In the entries that follow, find the line containing "Cinq enfants de" and the line containing "Muebles modernos de", then copy exactly everything from the first through the second except the pictures.

DATASET RECORDS —
•••

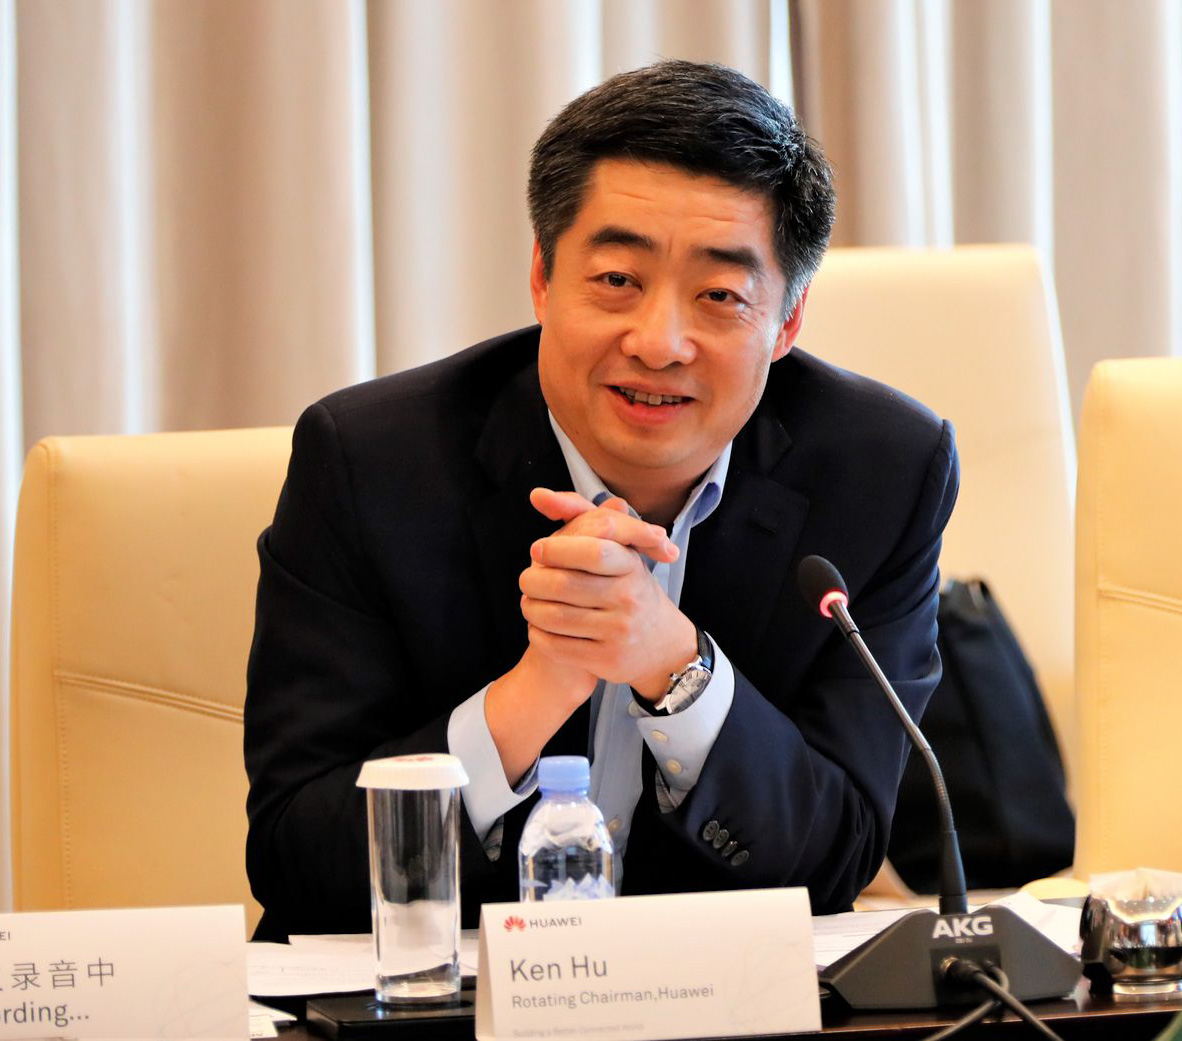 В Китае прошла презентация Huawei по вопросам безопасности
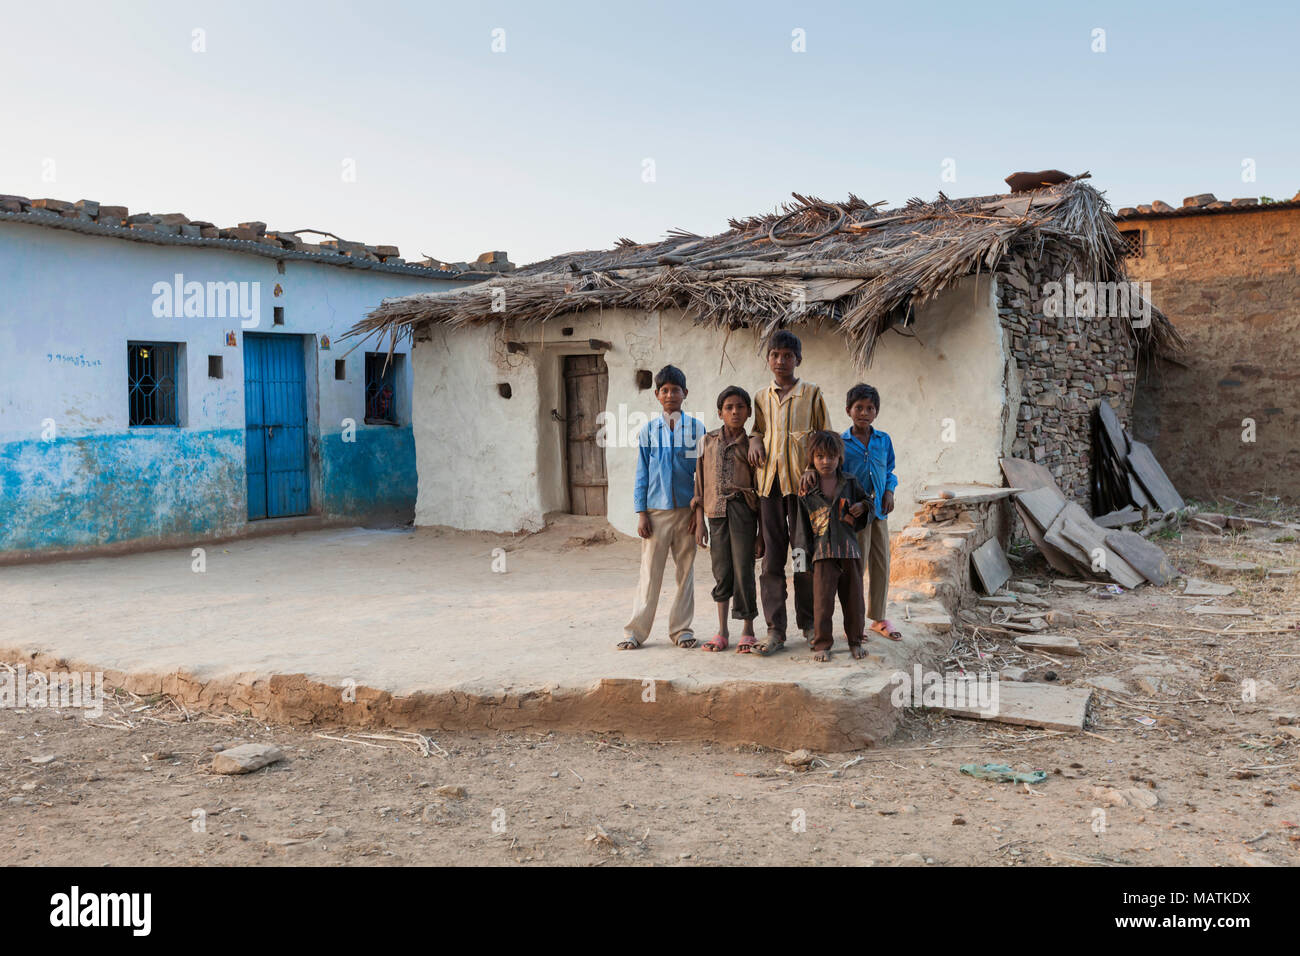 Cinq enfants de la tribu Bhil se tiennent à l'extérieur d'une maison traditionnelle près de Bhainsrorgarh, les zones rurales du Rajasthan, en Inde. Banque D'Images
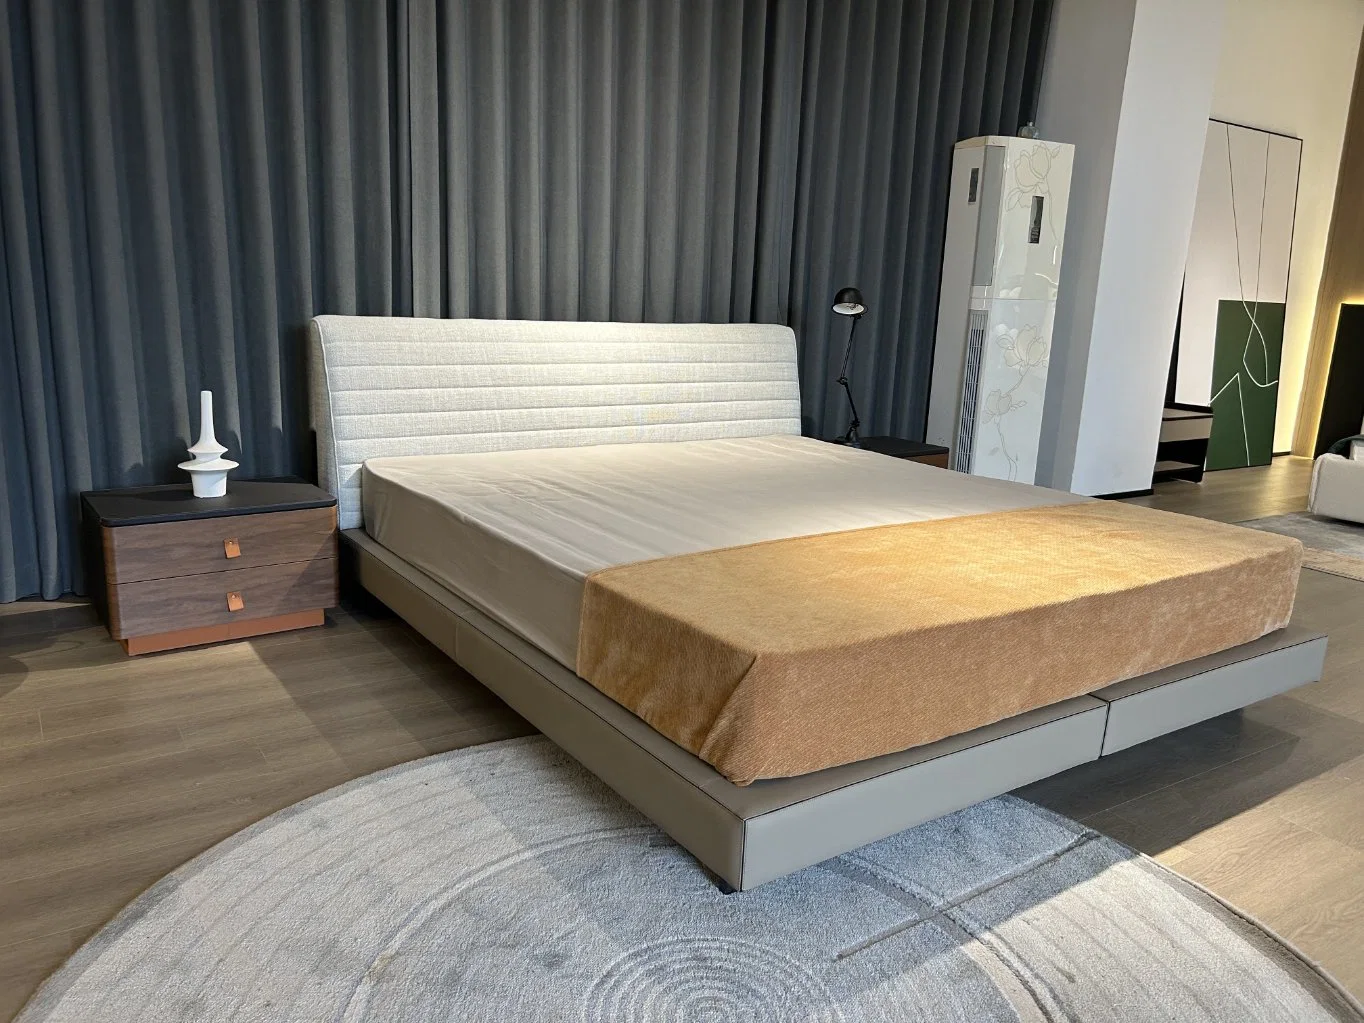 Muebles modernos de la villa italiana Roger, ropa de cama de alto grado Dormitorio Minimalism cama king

•••

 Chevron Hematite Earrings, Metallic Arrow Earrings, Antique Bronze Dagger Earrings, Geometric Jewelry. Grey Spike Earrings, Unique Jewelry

•••

YOUR RESPONSE —
 Cinq enfants de la tribu Bhil se tiennent à l'extérieur d'une maison traditionnelle près de Bhainsrorgarh, les zones rurales du Rajasthan, en Inde. Banque D'Images
 Muebles modernos de la villa italiana Roger, ropa de cama de alto grado Dormitorio Minimalism cama king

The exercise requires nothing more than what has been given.